The U.S. garage sale incorporates elements of both gift and commodity exchange in a dynamic tension, one that complicates traditional characterizations of gift and commodity as oppositional and mutually exclusive. Despite its apparently marketlike mechanisms, much of garage sale exchange also partakes of the character of gift giving. The elasticity in pricing in this home‐based exchange allows sellers to take social relations into account, so that objects that change hands become hybrid varieties of “inalienable commodities.”
In this article, we examine ideological statements reflected in, and to a small extent created by, people's participation in garage sales.1 Although the article touches upon the economics of garage sales, its focus is on ideology, about how people understand what they are doing when they buy and sell, and how this relates to their more general perception of the social world and their position in it. The way people discuss their participation in garage sales tells a great deal about how they understand their worlds: patterns of work and consumption, claims (especially by women and the aged) that their daily activities have more dignity than is normally afforded them within society, a felt need for moral and practical networks.

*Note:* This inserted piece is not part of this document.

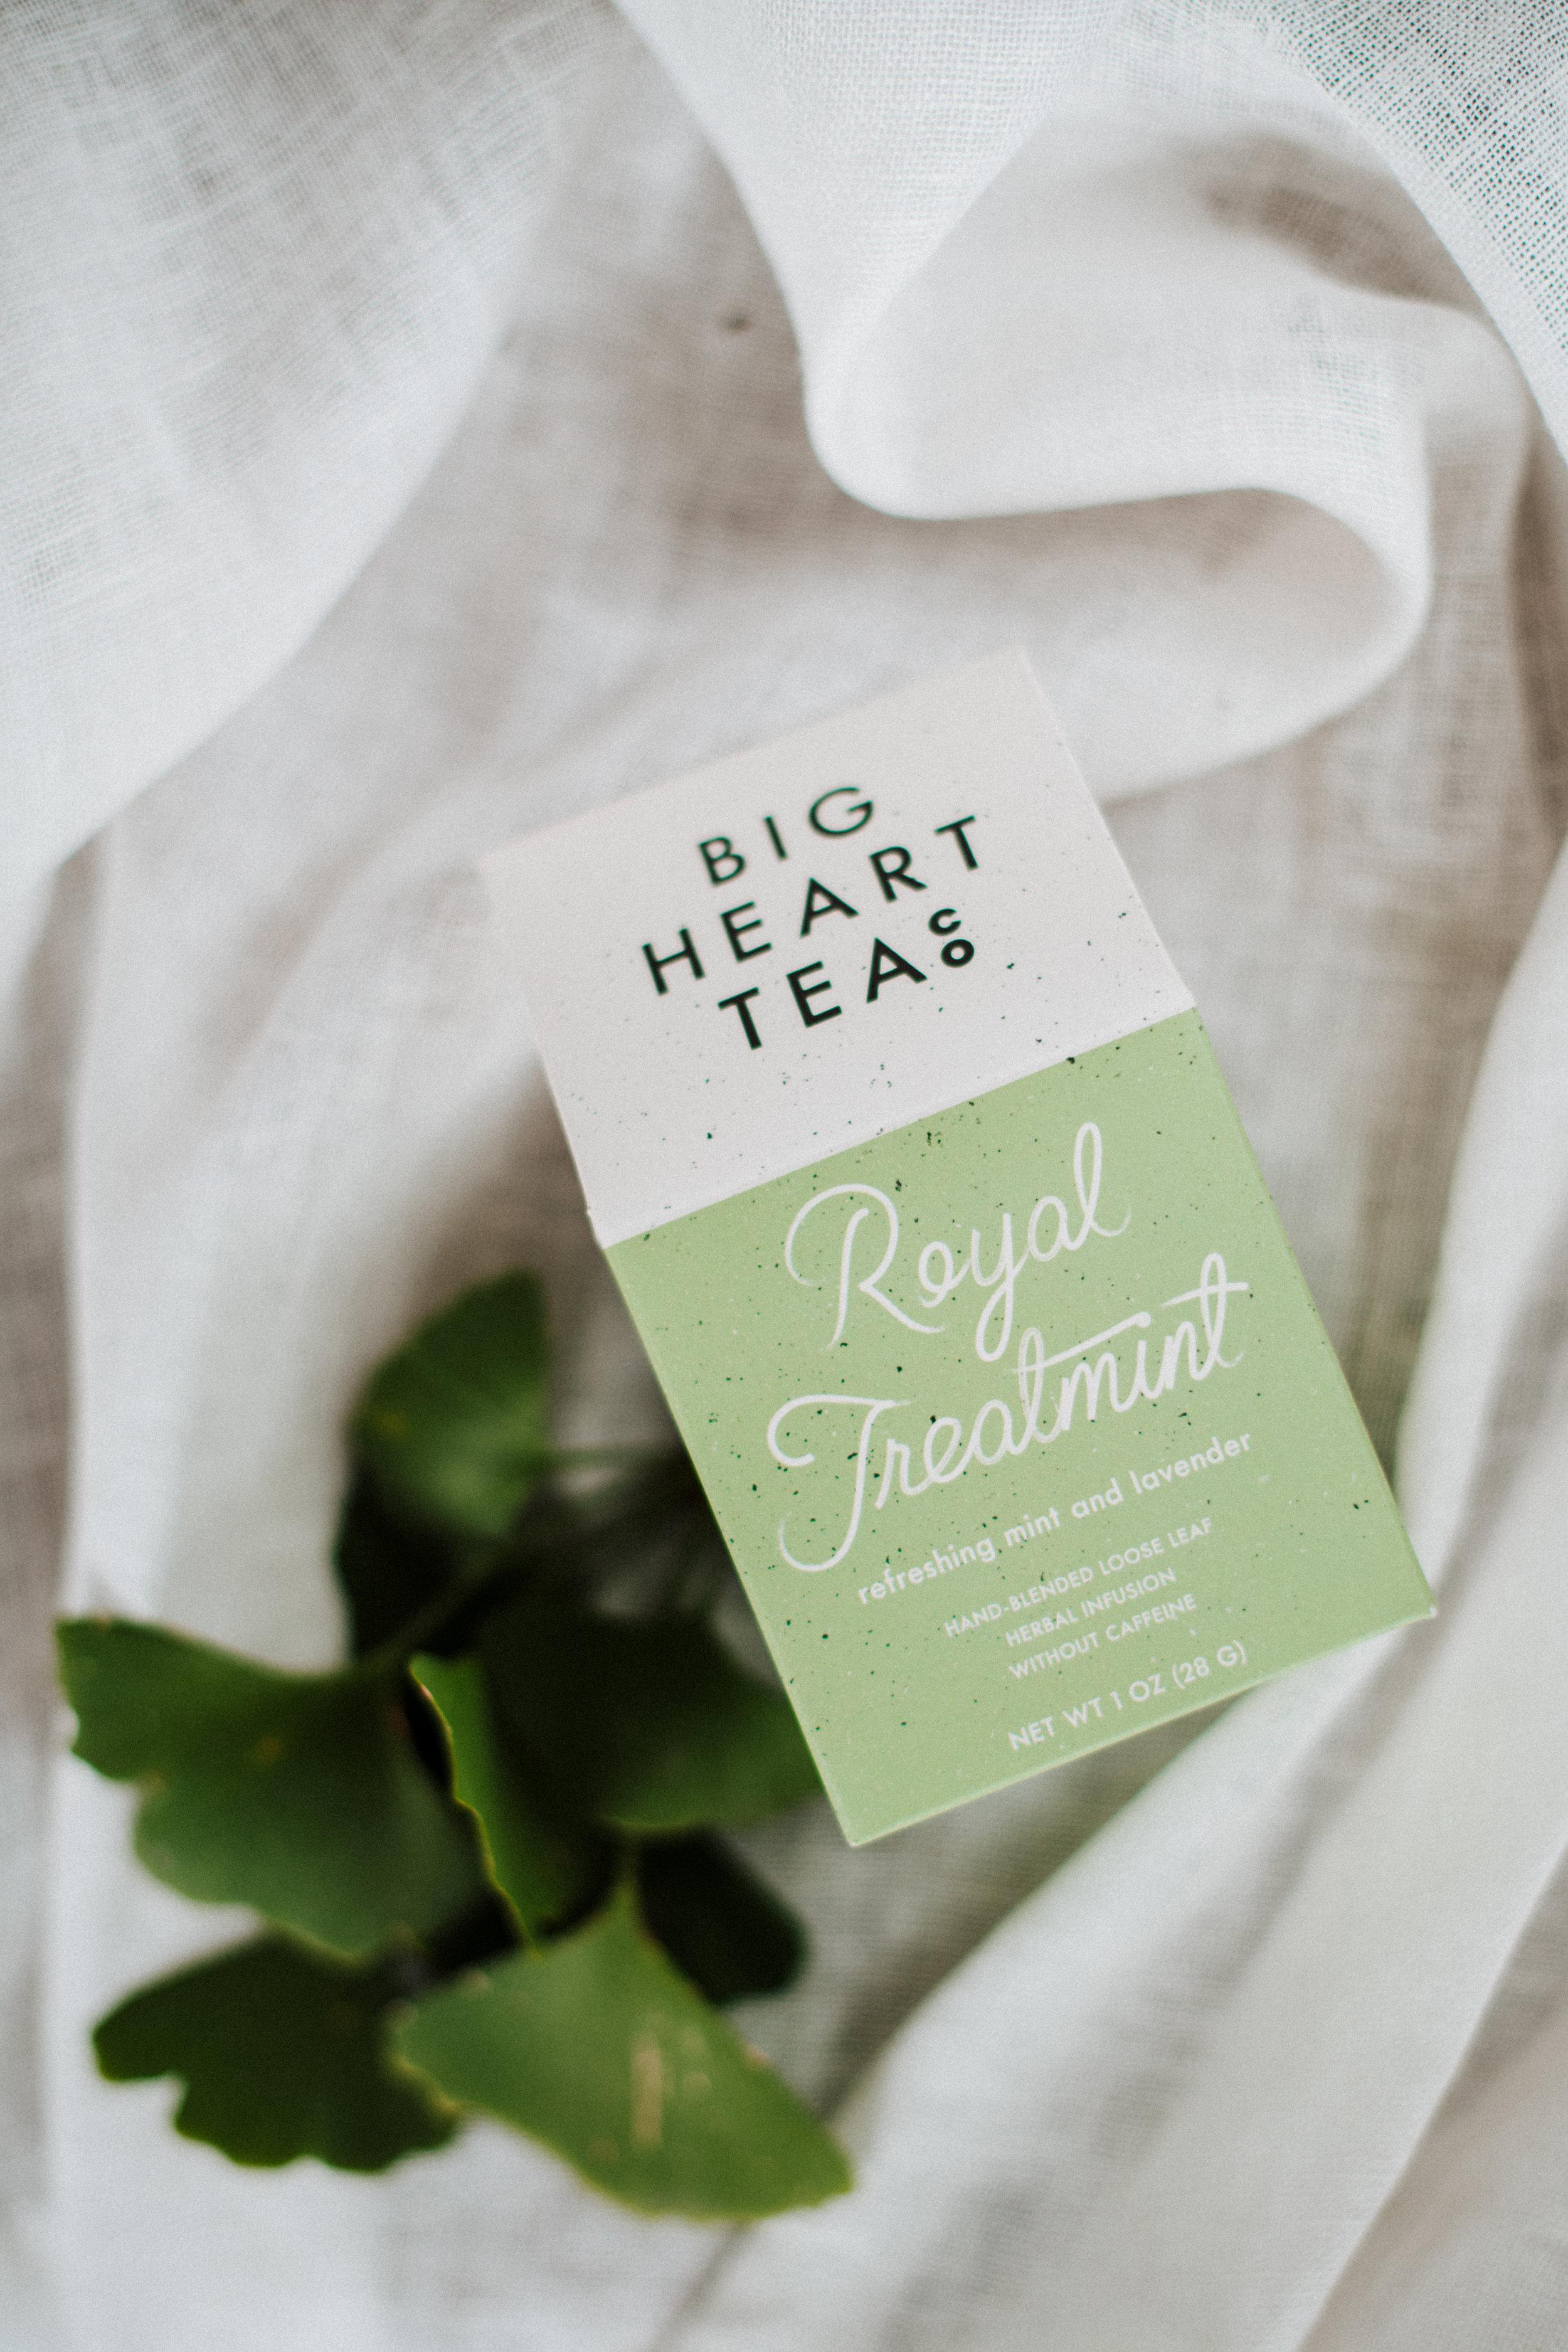 Big Heart Tea-38.jpg

The expression of ‘oppositional culture’in the statements garage sale participants make to describe their lives is certainly underdeveloped. It is not free of the dominant ideology, cannot be the basis of class‐conscious political practice and in present form poses little danger to any social institution (except perhaps department stores). Still it does contain, in shadowy form, seminal statements in contradiction to what is generally regarded as the dominant ideology. We will call these emerging elements ‘prefigurative cultural formations’, as in vague form they connote emergent social values. Further, we will argue that these prefigurative cultural formations are grouped into discrete ideological claims that we call ‘Visions of Power, each of which speaks to the empowerment of subordinate groups. We will discuss four specific Visions of Power: reclaiming control of one's work, creating a sense of social justice, beating the system, and feeling oneself a part of a nurturing community. Before attempting to demonstrate the utility of these concepts in understanding forms of belief reflected in garage sales and other informal economic activities, we will briefly explore our approach to ideology, and will attempt to situate it within the contemporary debate on the nature of ideology.